» Exercise description: If pictures are present, leave them out, and copy the data word for word.

» Given data:

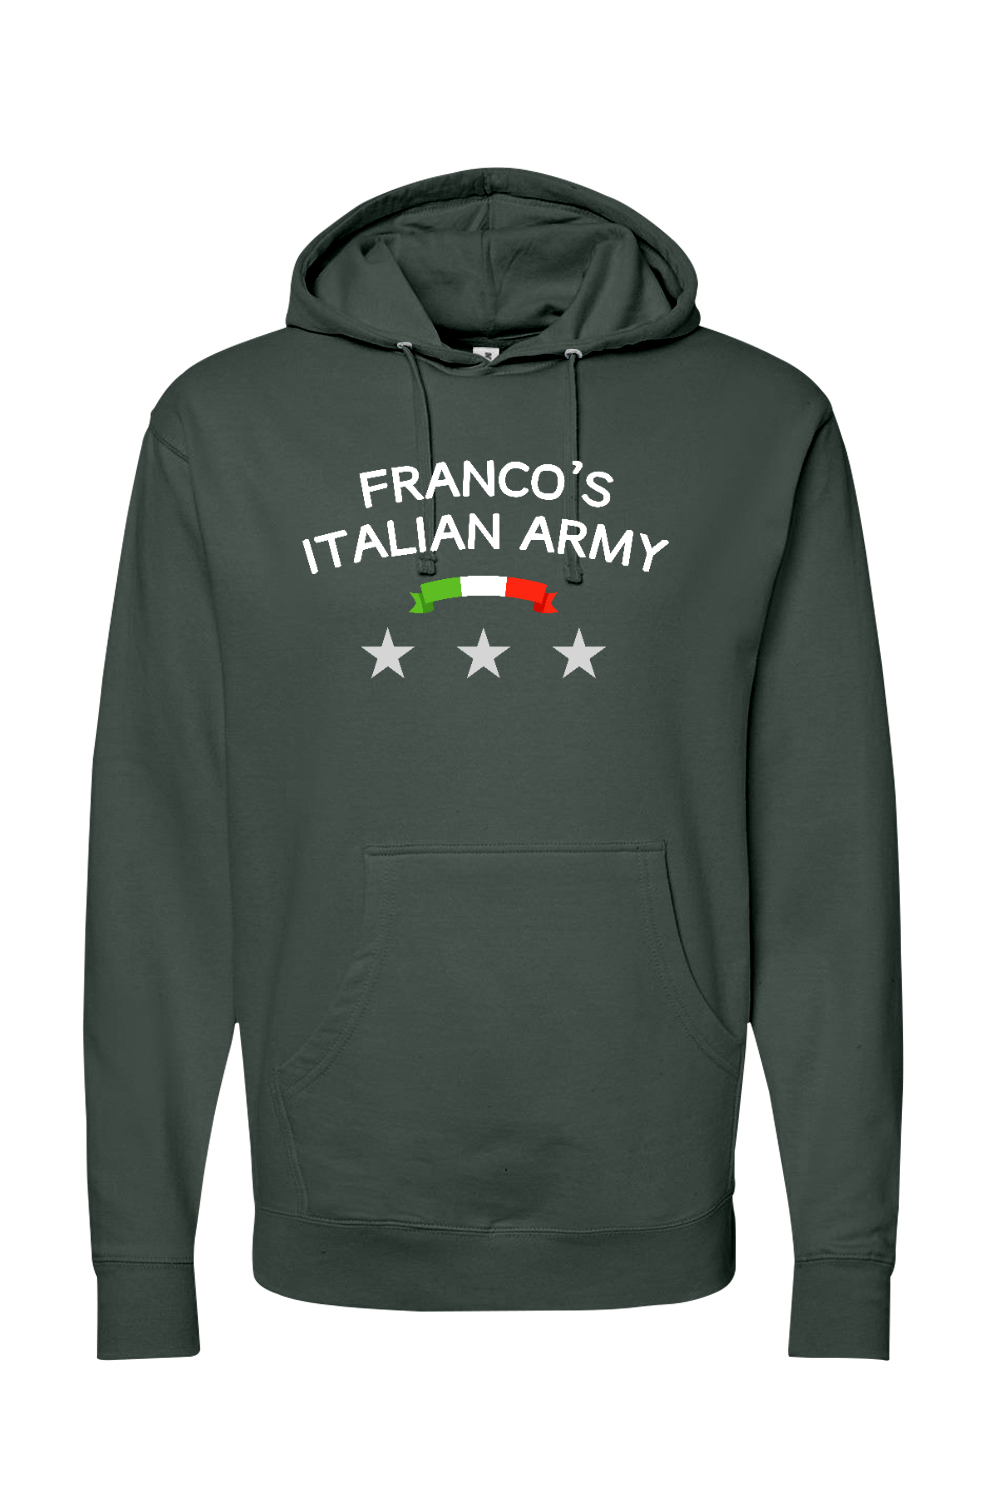 Franco's Italian Army -  Hoodie - Yinzylvania
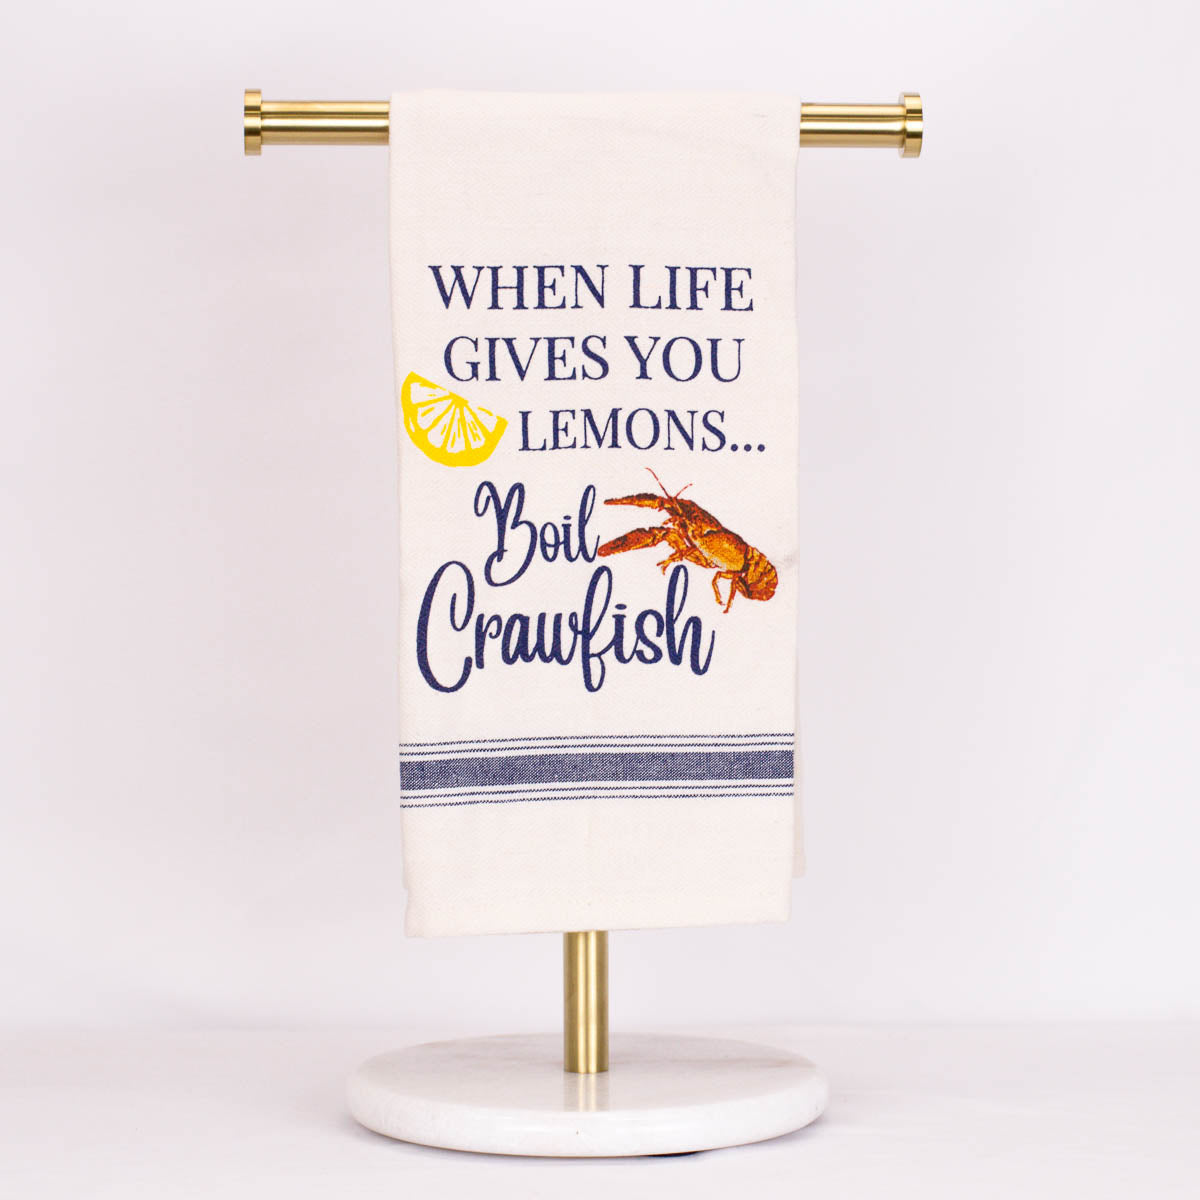 Lemon Crawfish Boil Towel
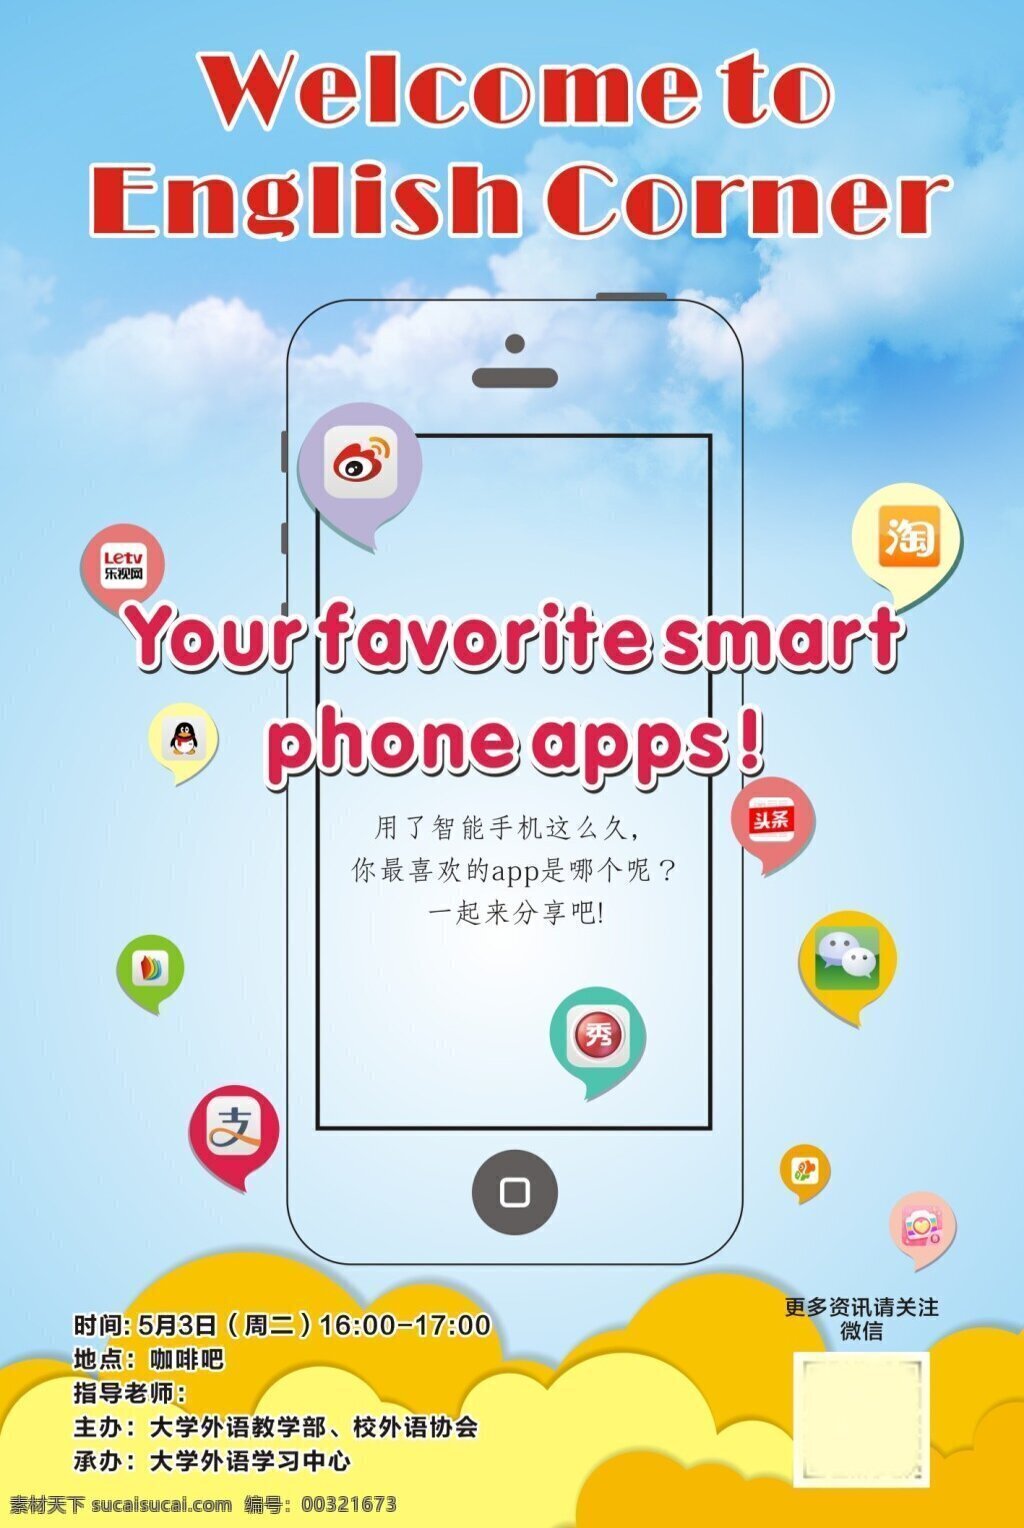 英语角 app 海报 app图标 手画手机 蓝色背景 云背景 黄色

» Task solution:
 Franco's Italian Army -  Hoodie - Yinzylvania
 Lemon Crawfish Boil Towel
 英语角 app 海报 app图标 手画手机 蓝色背景 云背景 黄色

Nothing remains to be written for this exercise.